Southwestern Billings County, ND. Photo 6/3/03; Penstemon albidus in the foreground


There be better buttes but this be a butte.

This is a 3350-foot tall butte, rising about 1000 feet above the Little Missouri River which is 1.5 miles to the northeast. The cliffs along the rim of the butte are about 120 feet high. Prairie Falcons nest in the rocky rim and the overhangs and caves have sheltered mountain lions. The winds get strong up high on the prairie, nothing holds them back.
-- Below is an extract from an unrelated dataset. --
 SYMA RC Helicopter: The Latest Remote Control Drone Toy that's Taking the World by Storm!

This butte is one of several dozen prominent buttes in the western Dakotas (Thunder, Sentinel, Square, Round Top, Haystack, Castle Rock...). They are the product of differential erosion, where erosion occurs at differing rates in a unit of land due to varying hardnesses of the surface material. The harder material that remains while the rest of the softer surface material erodes away is called a caprock. The landform that is created by the caprock is called a butte, a reminder of the elevated plateau that once was.
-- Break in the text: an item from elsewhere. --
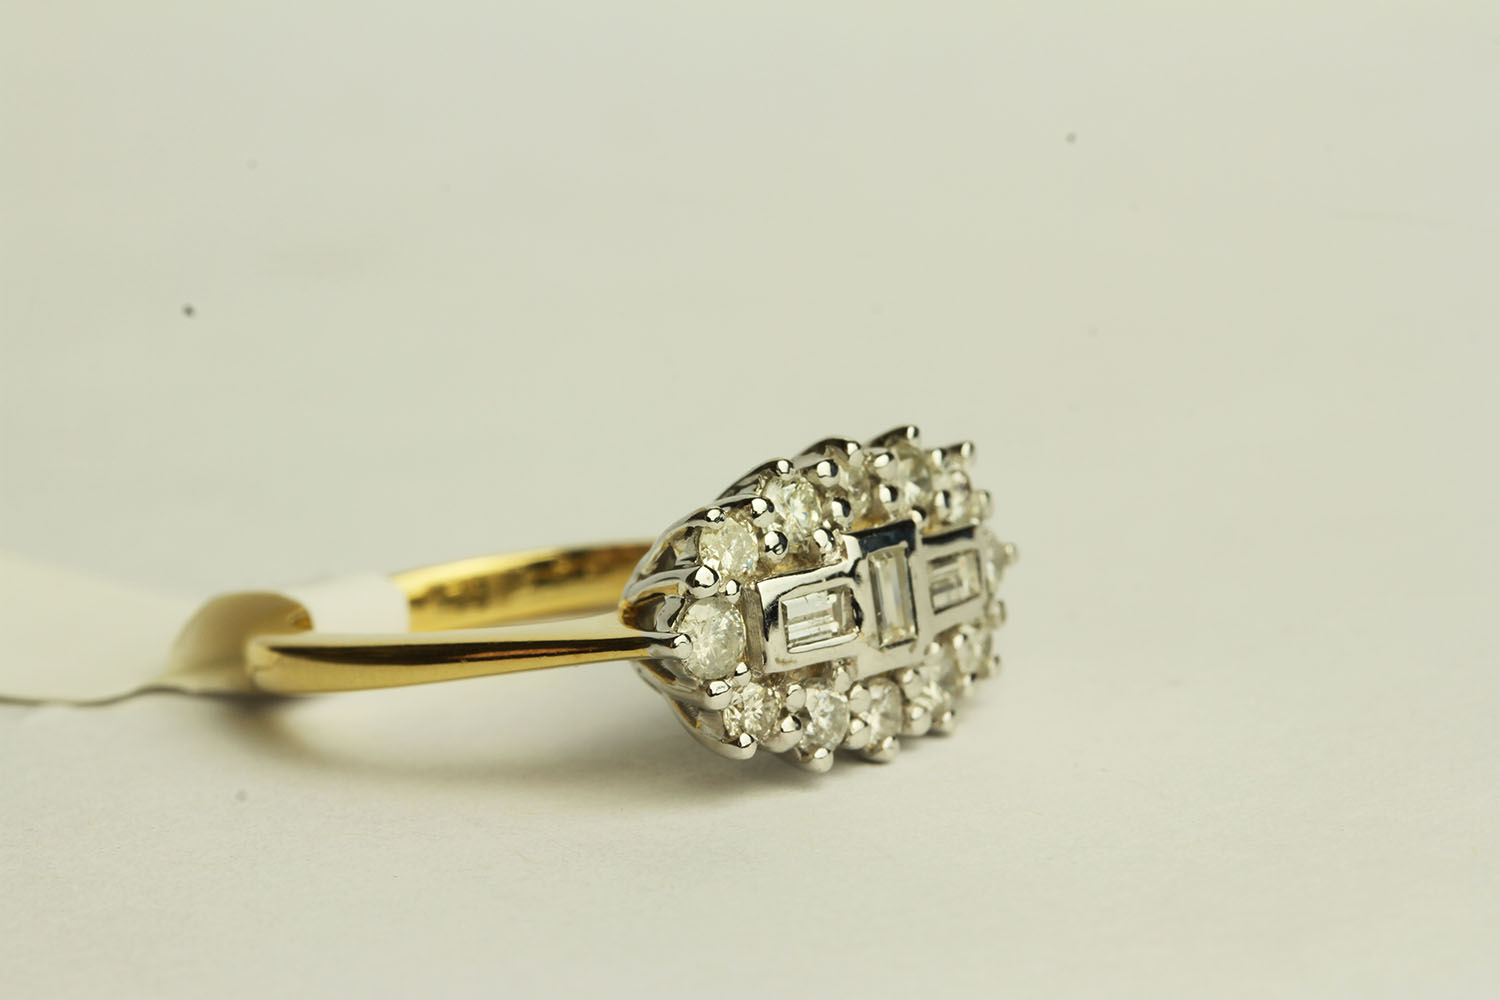 Unusual Diamond Cluster Ring, set with baguette cut and round brilliant diamonds - Image 2 of 3

Climbing to the summit of Bullion Butte in low hanging clouds and a cold mist, one might expect to discover a lost world of Titanotheres, Oreodonts, and Entelodonts peacefully grazing on the short grasses as a giant meteorite streaks overhead towards Chesapeake Bay. No, not today. But, these summits have some unique plant species generally not found on the surrounding plains that may be relicts of the pre-Pleistocene Ice Age landscape, the elevated plateau. One species is Phlox alyssifolia. The sideslopes, scree, and talus surrounding the butte have thousands of specimens. But it is not found on the surrounding plains. It is thought that the species had a wider distribution on the elevated landscape that was eroded away. These remaining populations are relict populations, like the buttes, reminders of what once was.